Мы были современниками поэта, обладающего прозорливостью, чувством и знанием России. В мутную эпоху разрушения страны поэт сгорел как свечка в огне своего дара. Последние годы поэта – это страдания. Физические, душевные. Боль за гибнущее отечество, безнадежная борьба и отчаяние бессилия. Нищета. Унижение. Неужели это плата за бессмертие? Чем тогда платить за Россию?

Чем дальше Золотцев отдаляется от нас во мрак времени, тем величественнее и монументальнее вырисовывается передо мною его трагическая фигура.

Плоть от плоти народа, он пел русскую песню и, как другие наши великие поэты, не допел до конца. «Последний соловей» – эти золотцевские слова оказались эпитафией ему самому. Он сам стал последним соловьем России. Что за судьба у русской поэзии?


PS

А был ли кот?

Как-то незадолго до прихода Станислава Александровича у меня в мастерской произошло ЧП. Один из наших котиков – Черныш, недавно обретенный в мороз на лестничной клетке дома, откормившийся и помытый, наконец-то из квартиры был перевезен в мастерскую. Если другие наши звери прекрасно ориентировались среди мольбертов и картин – куда можно прыгать, а куда нет – то Черныш, попав в мастерскую и едва оглядевшись, сразу же взлетел на палитру и удивленно месил лапками краски. Мы с женой в ужасе заорали и бросились к нему. А он ловко увернувшись, радостно заметался по мастерской, стараясь вымазать краской как можно больше поверхностей. Весь пол, диван, стулья – всё мгновенно упестрилось разноцветными пятнами.

Закончив обтирать кота, мы оттирали краску с пола, когда пришел Станислав Александрович. Я по инерции еще продолжал свирепо ругать Черныша. Золотцев растерянно слушал. Свои грозные речи я заключил:

– Нет! Этот кот не для мастерской! На улицу! На свалку! В лес! В пустыню! Чтобы глаза мои его не видели!
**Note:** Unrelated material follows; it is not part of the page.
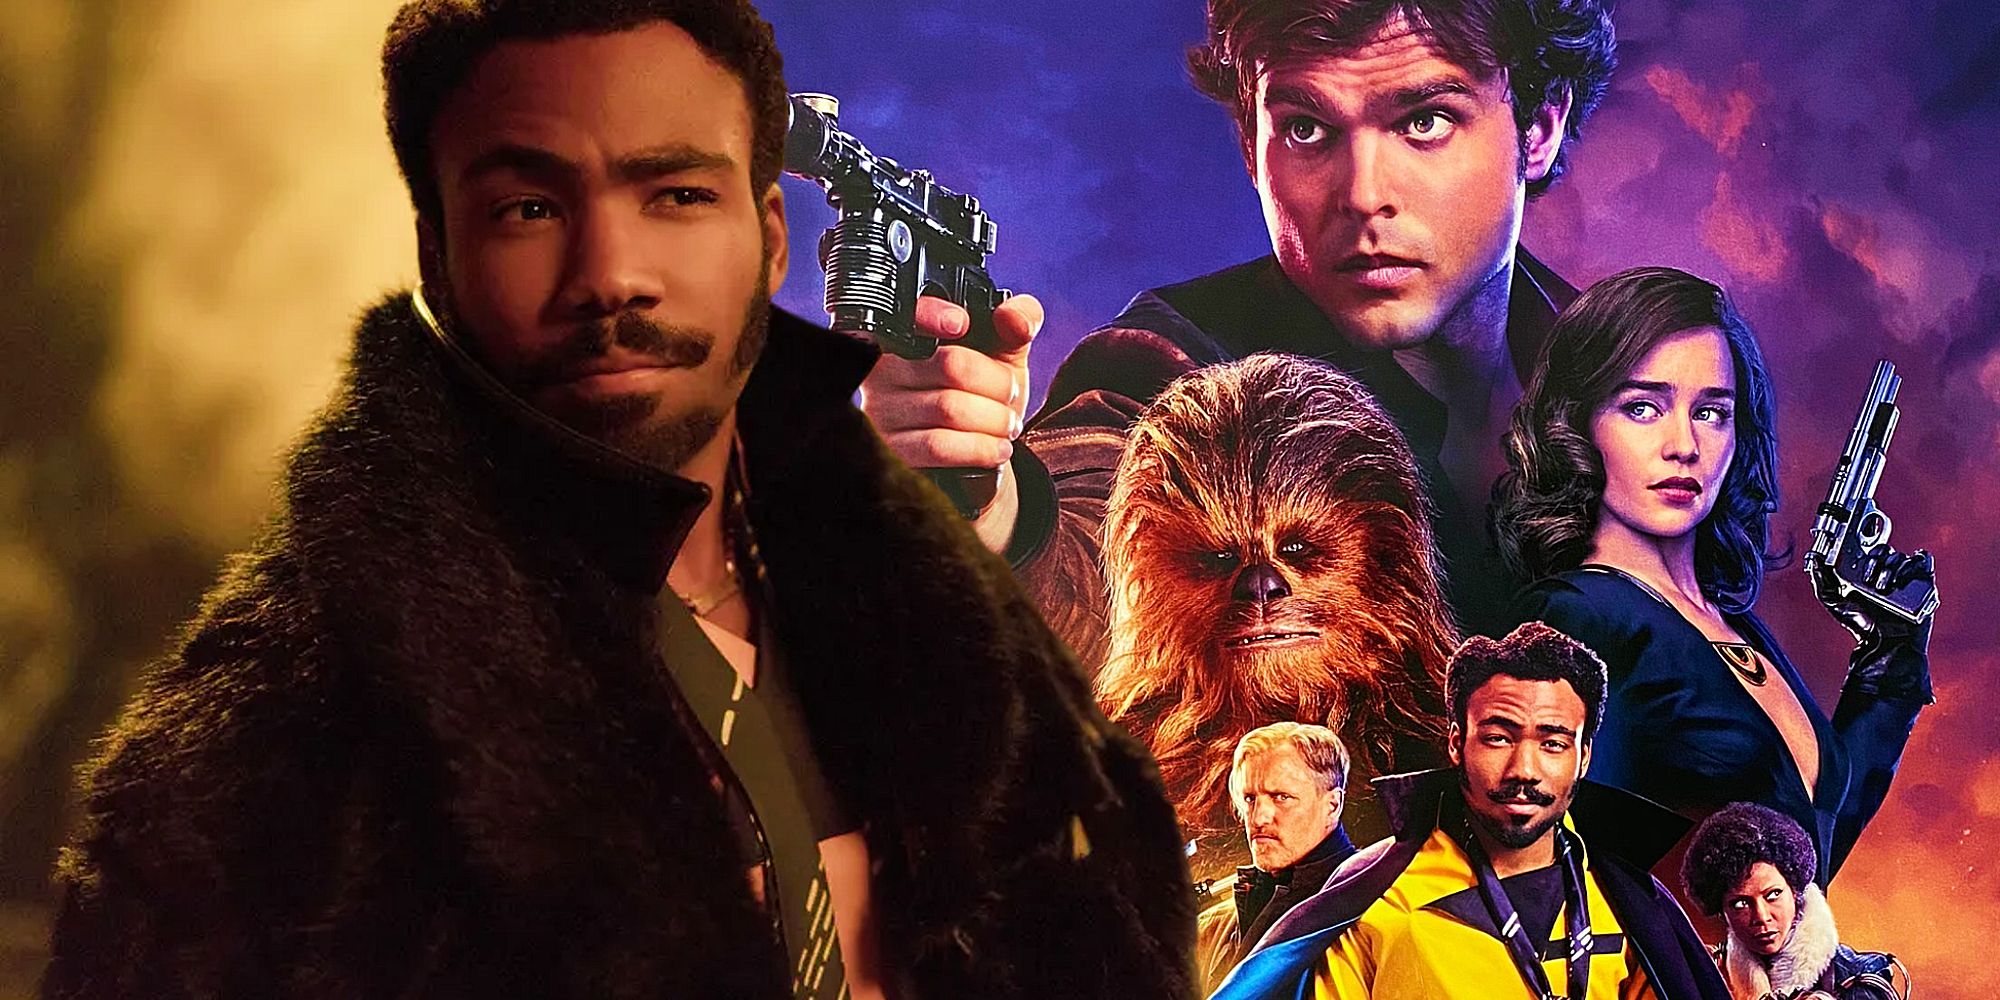 Donald Glover as Lando and the poster for Solo: A Star Wars Story

Кто бы мог подумать, что мои страшные угрозы подействуют вовсе не на Черныша, а на Станислава Александровича. Черныш, умываясь в окружении хвостатых соратников, всем своим видом говорил мне: «Плевал я на твою палитру, плюю и плевать буду!». А вот Станислав Александрович всерьез запереживал.

– Не надо Анатолий Леонидович, он еще освоится здесь. Он больше не будет так. Не выбрасывайте его.

Станислав Александрович не сообразил, что мое свирепствование носит исключительно воспитательный характер. Нам пришлось успокаивать его:

– Кто же его тронет. А на улицу ему никак нельзя. Он даже мышей боится.

Черныш действительно боялся всех, кроме хозяев, которых он почитал за долг изредка покусывать, чтобы им жизнь сладкой не казалась. А его уникальная женская боязнь мышей в деревне навела меня на мысль написать картинку «Мышкин сон», где здоровущая мышь в наступающих сумерках выгоняет котов за околицу. В ярости лапищами потрясает: «Все вон!!!».

Повесть Золотцева «Камышовый кот Иван Иванович» в какой-то аннотации почему-то обозвали сказкой. Моя жена Вера спросила Станислава Александровича:

– А был ли такой кот на самом деле?

Золотцев загадочно промолчал. А для меня всё ясно. Ну, конечно же, был! Был такой кот! Вещий кот, потомок самого кота Баюна! Вот люди обзывают мою картину «Мышкин сон» фантазией и иллюстрацией к сказке, а ведь это правда, а не сказка. На самом деле у меня живет кот, который при виде мыша удирает сломя голову. Это тот самый кот Черныш, за которого когда-то заступился Станислав Александрович.